## Requirement
All of the data below should be set down again verbatim, without any images.
### Available data ###
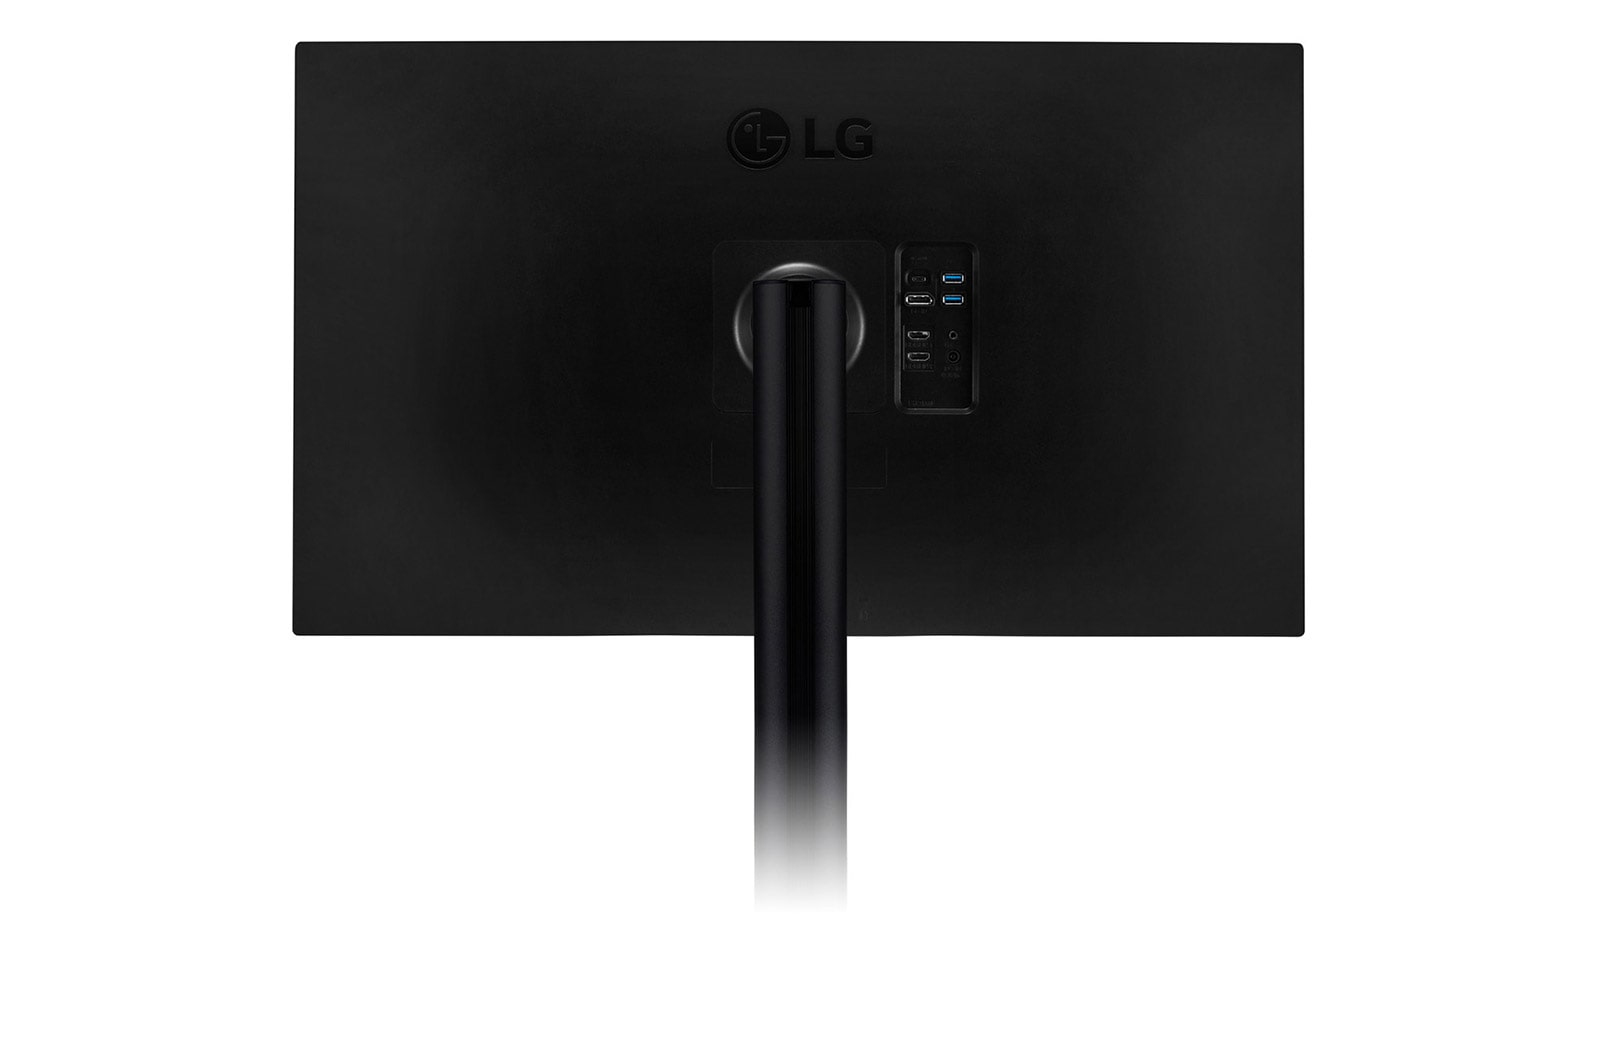 LG monitor Ergo 32UN880 - 31.5 inch
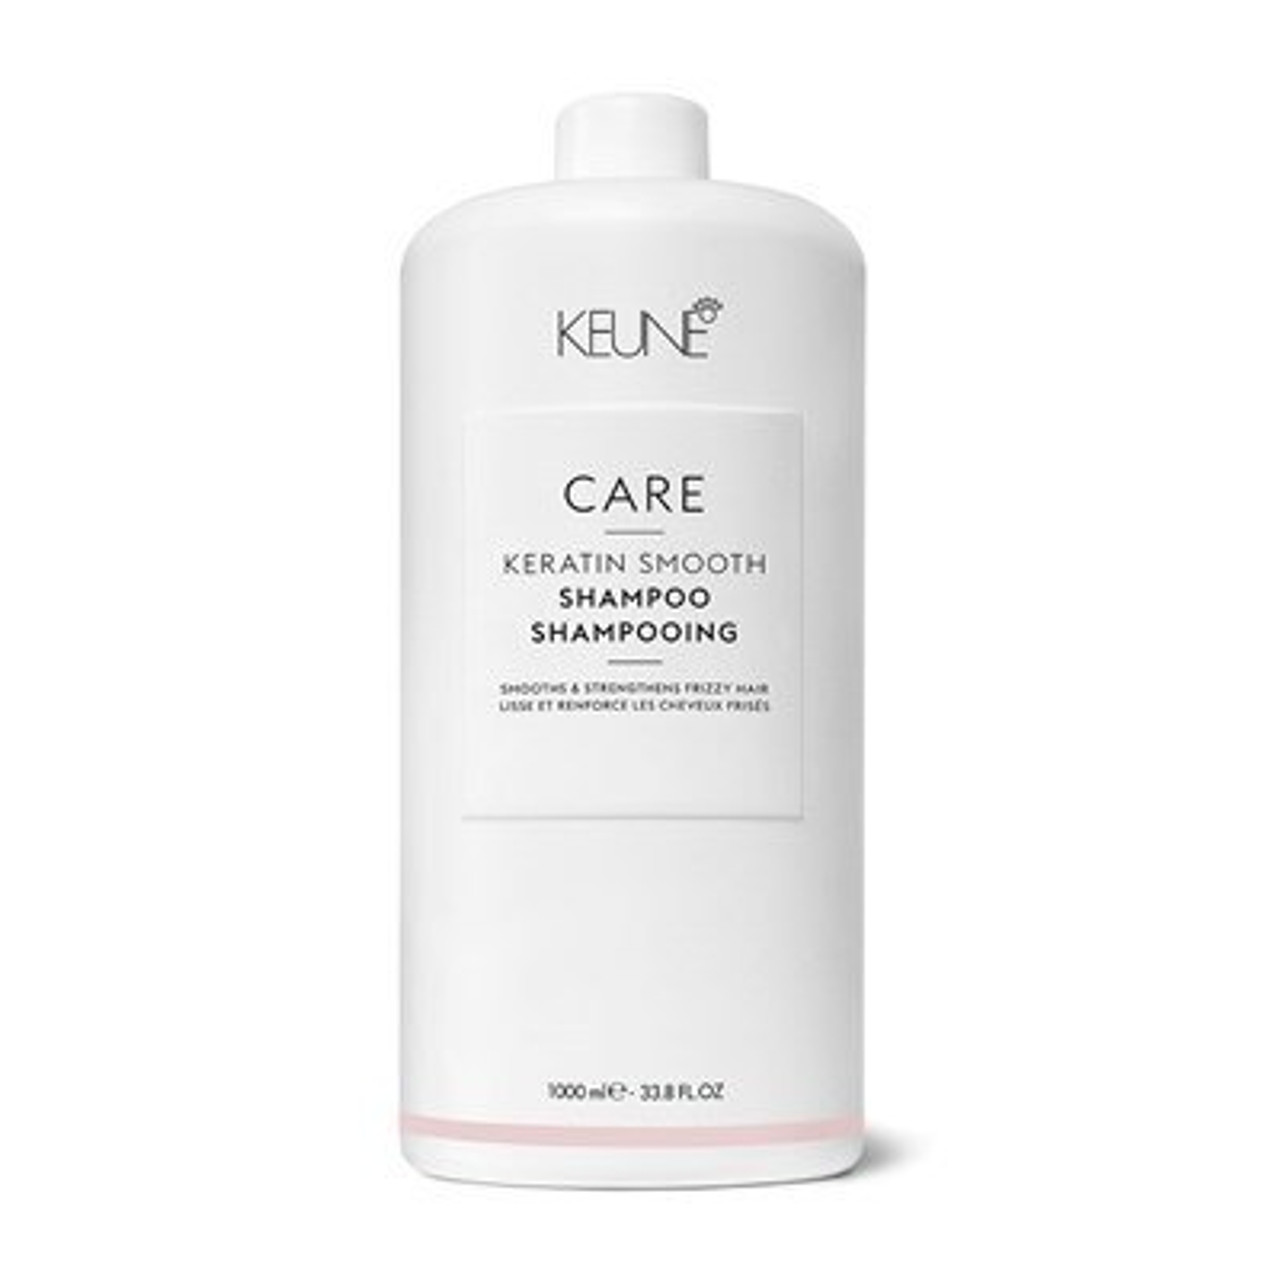 Keune Care Smoothing Shampoo SleekShop.com
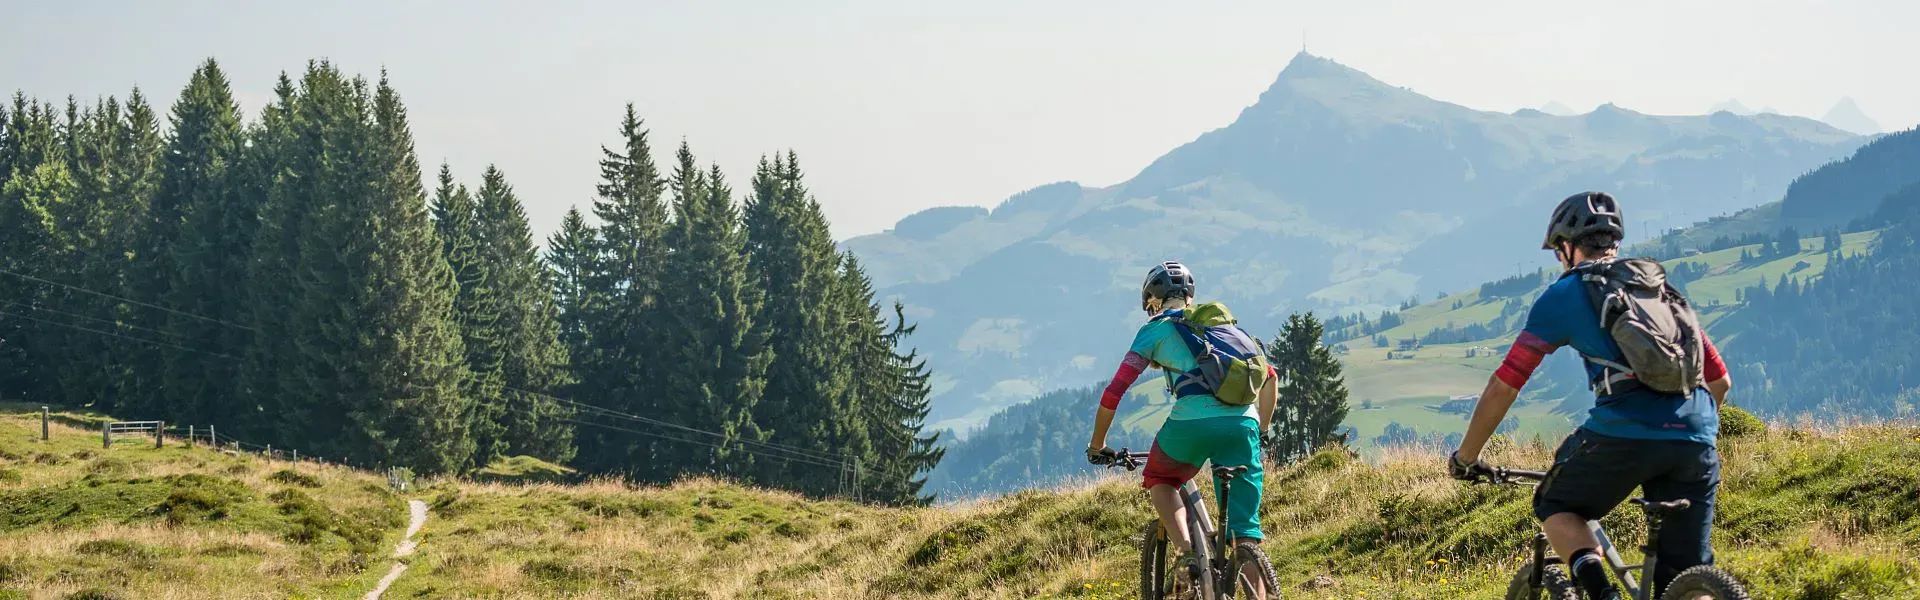 Kitzbüheler Alpen-Mountainbiker-am-Trail-c-Kurt Tropper  (10)
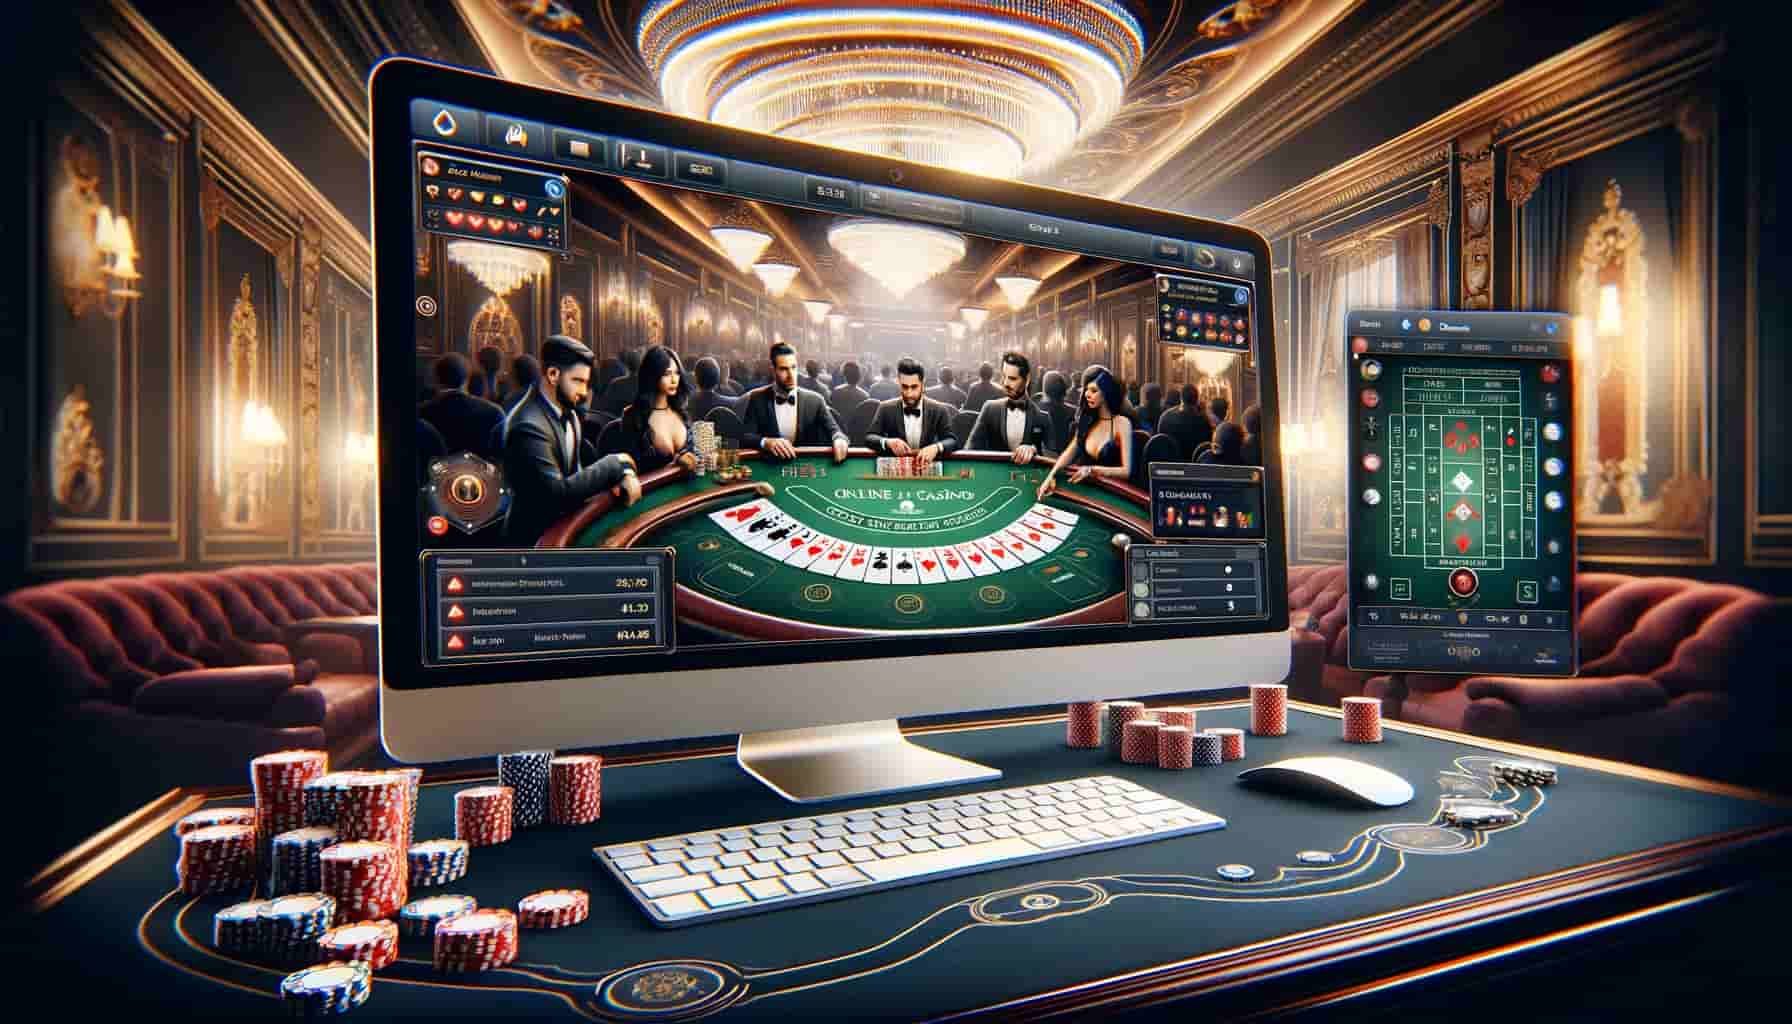 Inclave casinos
###
## Solution to the problem
 LG monitor Ergo 32UN880 - 31.5 inch
 Keune Care Smoothing Shampoo SleekShop.com
 Kitzbüheler Alpen-Mountainbiker-am-Trail-c-Kurt Tropper  (10)
 Inclave casinos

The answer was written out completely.